Thin and Lightweight: This Kindle is thinner than any paperback and lighter too. This makes it very easy to hold in a sitting position, and for long periods too. It also makes it easy to transport in a purse, backpack, or messenger bag (or in luggage for traveling). Many people like to take a few books when travelling, and this Kindle lets you take as many as you want and adds virtually nothing to your travel burden.
Good Value: Even without a touchscreen, the Kindle is a good value. It is a well-made product, it offers cloud storage of your books (and well it should, since it offers no ability to expand storage capacity with an add-in microSD card), the screen is excellent, Amazon is a dogged competitor in book pricing. The Kindle 4 is the best value of Amazon's E-Ink readers. Some may be tempted to get the version with the built-in light. If you can afford it, sure, go ahead. But let me point out you don't have to spend $20 for a fancy-schmancy book light. Your local dollar store has them for ... wait for it ... a buck. They work perfectly well to light the screen, don't suck down your Kindle's battery, and best of all, don't add $50 to the price of the Kindle.

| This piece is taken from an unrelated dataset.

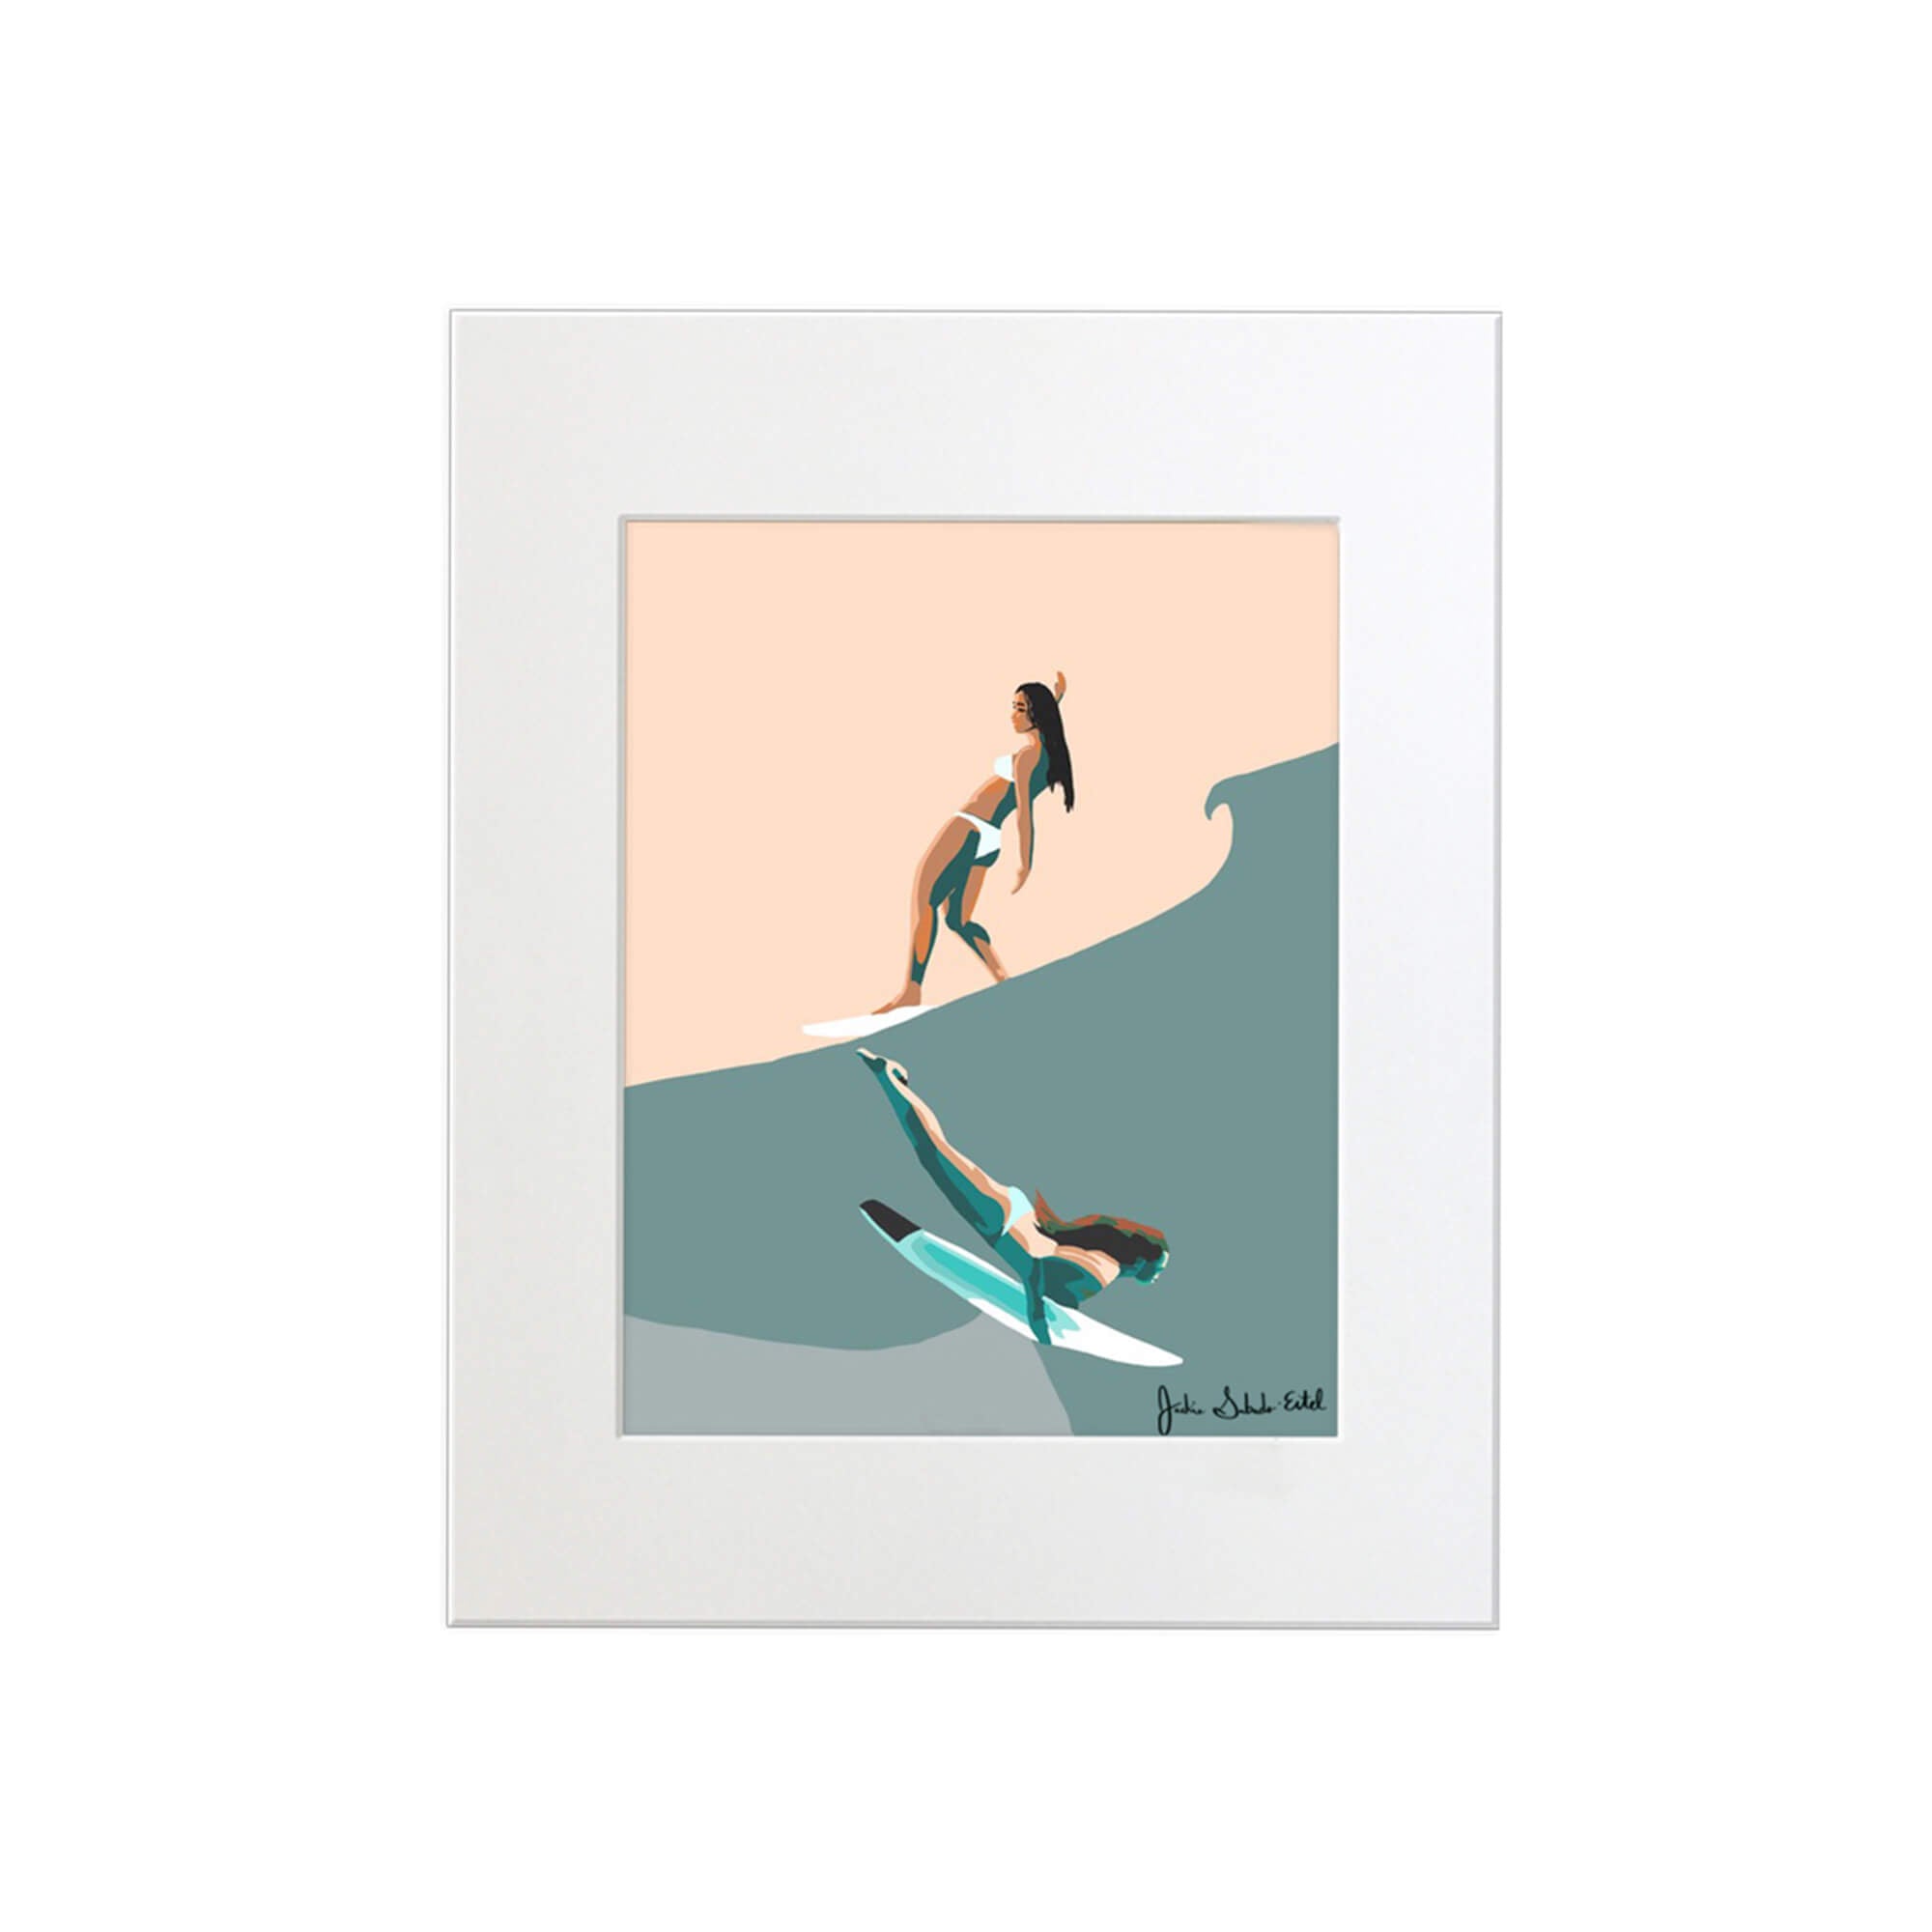 A matted art print featuring two female surfers, one riding the waves and the other just right beneath by Hawaii artist Jackie Eitel

Amazon Customer Support: I've dealt with Amazon for years, and they have always done the right thing in terms of customer service when I have had issues with products or deliveries.
Kindle Lending Library for Prime Members: Prime members get their own library. That's a great benefit to them. I'm an "adjunct" Prime member, though, so I don't get to benefit from it, but it's great for primary Prime members.
Library Support: I was happy to see Amazon join the program for Overdrive and public library ebook lending. This is such a huge benefit to everyone who has ebook readers. Especially people on fixed incomes, who like ebook readers for the ability to change font sizes, and love them for the ability to borrow library books.
MicroUSB Port for USB Charging: Good call for Amazon to support the universal USB standard for charging. You can charge from a computer USB port, an AC adapter, car charger, etc. Don't worry about buying one: if you have a smartphone (other than apple) or Bluetooth device that came with a microUSB cable charger, it will do the job.
Parental Controls: Another good choice for Amazon to implement parental controls, where they can restrict access to the Kindle's web browser, store, and archived items.
Long Battery Life: I couldn't even put a dent in the battery gauge using the Kindle for several days, for several hours a day.
Excellent Highlighting and Notes Features: I really liked the highlighting and notation capabilities, and that I can access the highlights both in book and from the home screen. You can also choose to show highlights and notes by other users (general population), or by a selection of Amazon users you follow.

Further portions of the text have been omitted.